Memory is automatically integrated into agent workflows through dependency injection and dedicated events.
Two memory scopes
User memory is private to individual users and automatically extracted from conversation messages by the LLM. It stores personal preferences, working styles, and individual context—things like "User prefers concise code examples in Python." Both vector (semantic search) and graph (relationships) storage enable retrieval.
Organization memory is shared across all users in a tenant or namespace. Unlike user memory, it requires explicit documentation rather than automatic inference. It stores company policies, project details, and team conventions—things like "We deploy to production on Fridays." The same vector and graph storage supports semantic and relational retrieval.
Memory workflow pattern
Both memory types follow a common four-step workflow:
The pattern retrieves relevant memories, injects them into the chat history as a system message, generates a memory-aware response, and persists new learnings.
User memory pattern
User memory learns personal preferences automatically from conversations. The agent extracts facts about the user's working style without requiring explicit documentation. Use this pattern for conversational agents that should adapt to individual user preferences over time—code assistants, personal productivity agents, custom assistants.
Reference implementation: playground/minimal_workflow/user_memory_workflow/
The termination constraint
If memory persistence depends on LLM output, the LLM step must not return StopEvent. When as_stop_step=True, the workflow terminates immediately with an LLMStopEvent — the memory storage step never executes.
# INCORRECT: LLMStopEvent terminates before storage
@step()
async def respond(self, ..., displayer: EventDisplayer) -> LLMStopEvent:
return await displayer.display_llm_stream(..., as_stop_step=True) # Workflow ends here
@step()
async def store(self, llm: LLMStopEvent, ...) -> StoreMemoryEvent:
... # Never executes — StopEvent already terminated the run
# CORRECT: LLMEvent allows downstream steps
@step()
async def respond(self, ..., displayer: EventDisplayer) -> LLMEvent:
return await displayer.display_llm_stream(..., as_stop_step=False)
@step()
async def store(self, llm: LLMEvent, memory: AgentMemory) -> StoreUserMemoryEvent:
await memory.add_user_memory(messages=llm.chat_messages, ...)
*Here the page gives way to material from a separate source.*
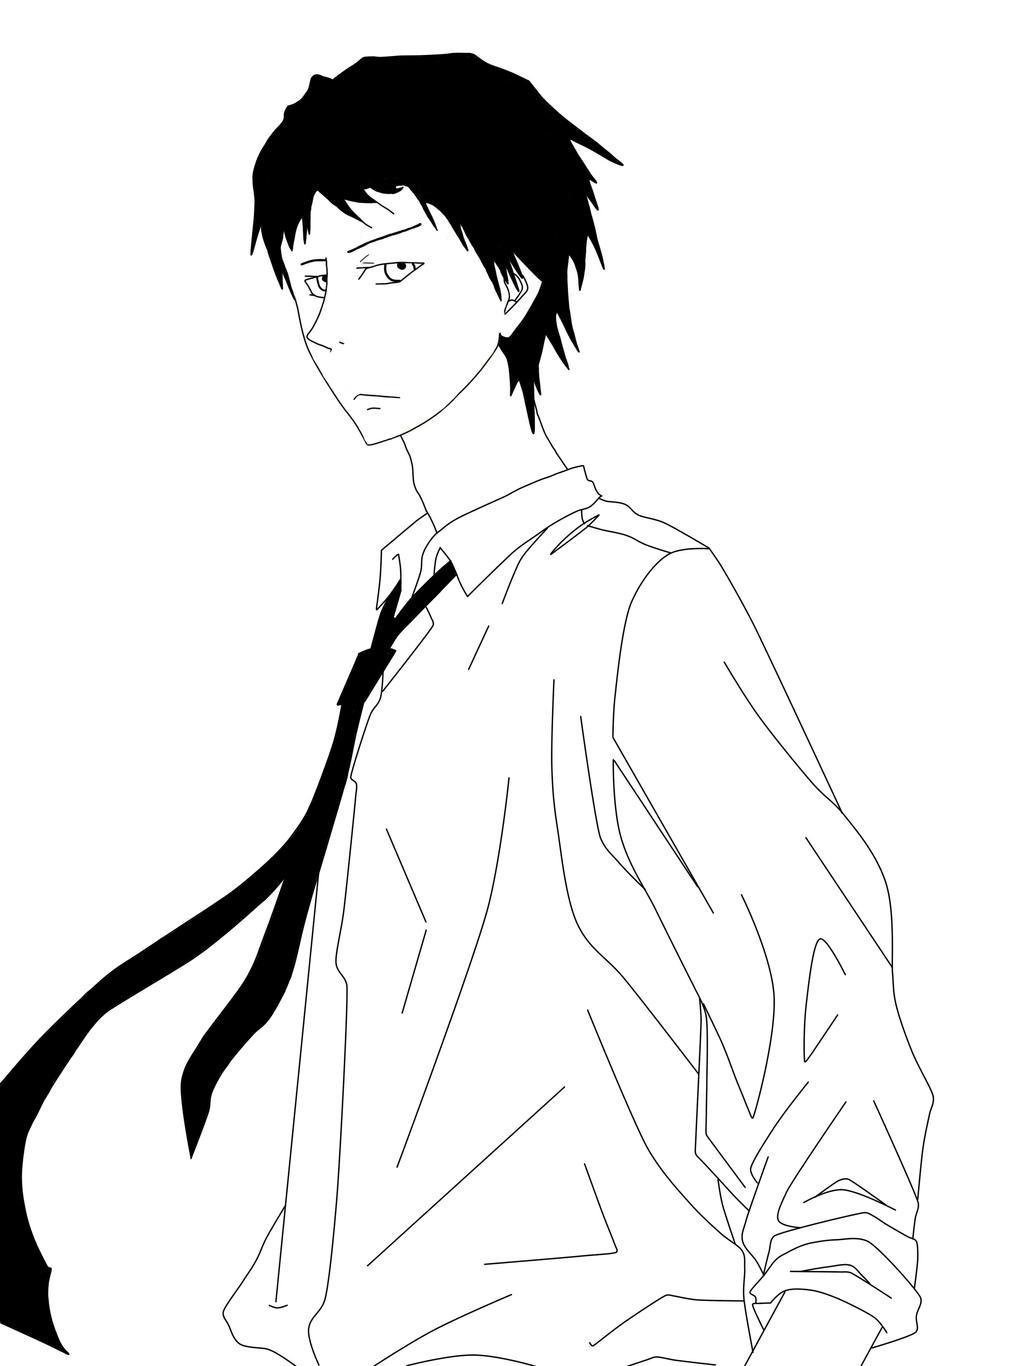 Line Art Kuroko : Kuroko no basket nijimura shuzo line art by saiduck on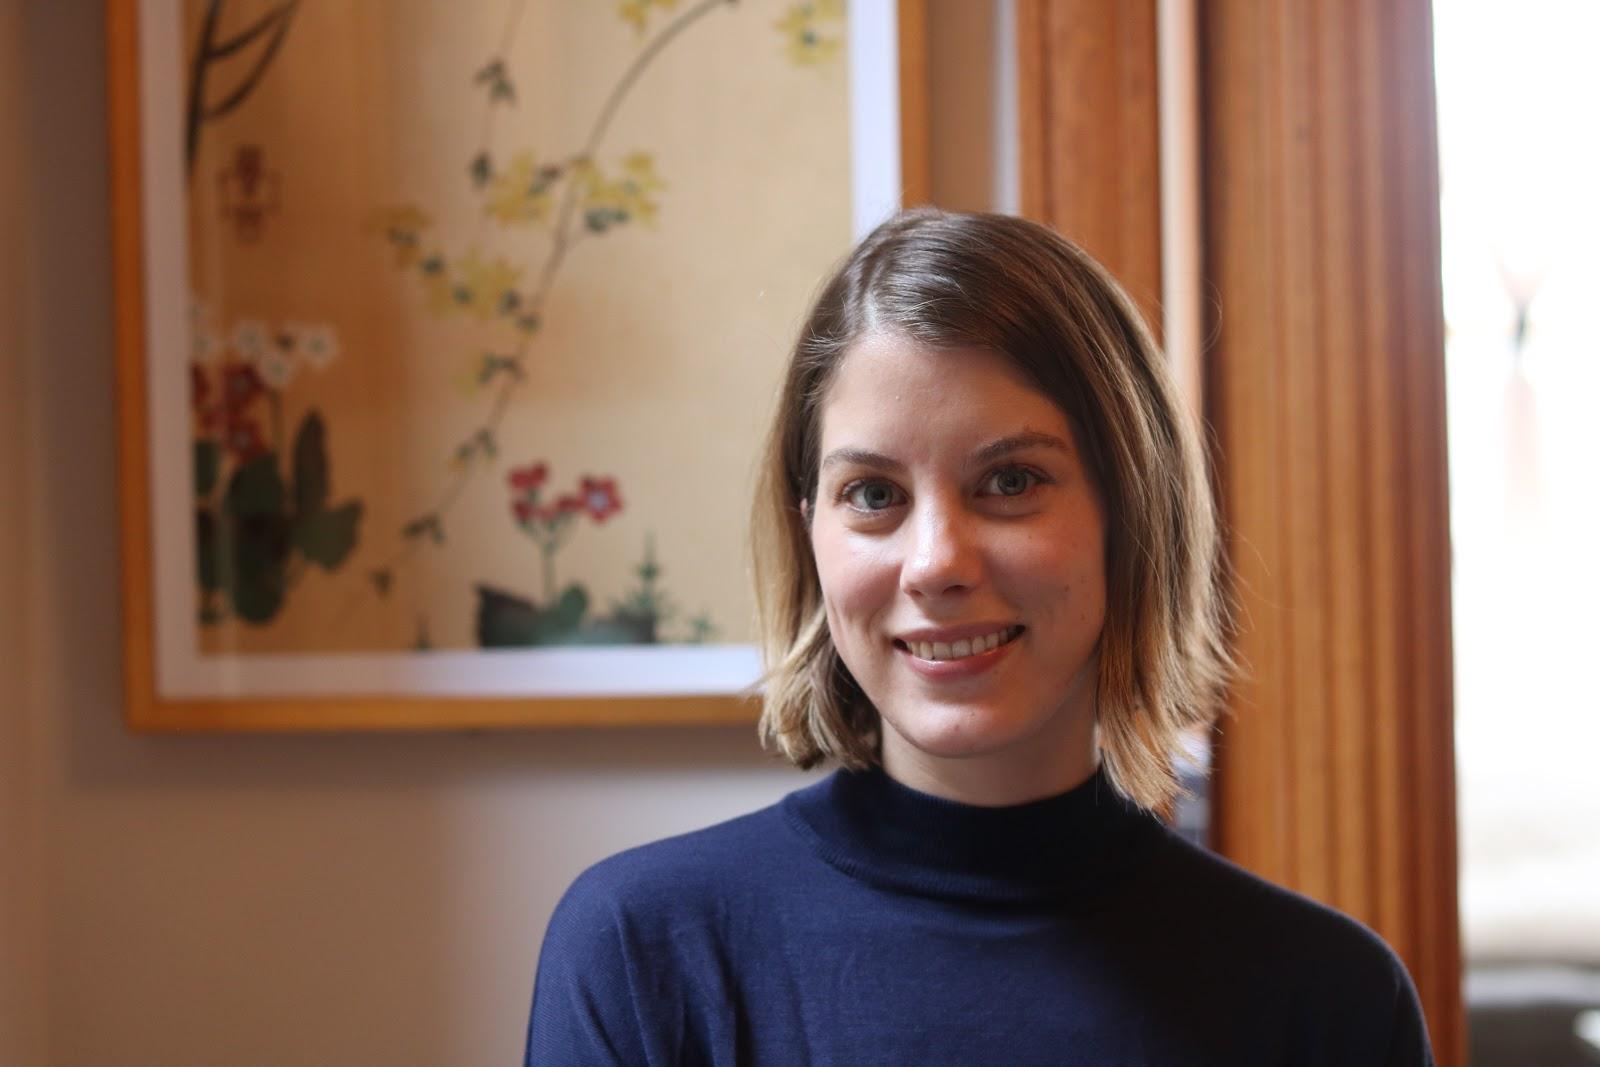 Sarah Merchant

return StoreUserMemoryEvent(...)
@step()
async def stop_step(self, _: StoreUserMemoryEvent) -> StopEvent:
return StopEvent()See The dangling stop violation for the general rule.
Complete example
from swiss_ai_hub.agent.agents.agent import Agent
from swiss_ai_hub.agent.workflow.decorators.step import step
from swiss_ai_hub.core.generative_ai.memory.agent_memory import AgentMemory
from swiss_ai_hub.core.generative_ai.chat_history.extend_chat_history_with_user_memory import (
extend_chat_history_with_user_memory,
)
from swiss_ai_hub.core.events.agent.user.user_message_event import UserMessageEvent
from swiss_ai_hub.core.events.agent.semantic.llm.llm_event import LLMEvent
from swiss_ai_hub.core.events.agent.control.stop.stop_event import StopEvent
from swiss_ai_hub.core.events.agent.memory.retrieve.retrieve_user_memory_event import RetrieveUserMemoryEvent
from swiss_ai_hub.core.events.agent.memory.history.add_user_memory_to_chat_history_event import AddUserMemoryToChatHistoryEvent
from swiss_ai_hub.core.events.agent.memory.store.store_user_memory_event import StoreUserMemoryEvent
from swiss_ai_hub.core.topics.agents.agent_instance_topic import AgentInstanceTopic
from swiss_ai_hub.core.displayers.event_displayer import EventDisplayer
from swiss_ai_hub.core.i18n.locale_handler import LocaleHandler
class UserMemoryAgent(Agent):
"""
Memory-enhanced conversational agent that retrieves and persists user memories.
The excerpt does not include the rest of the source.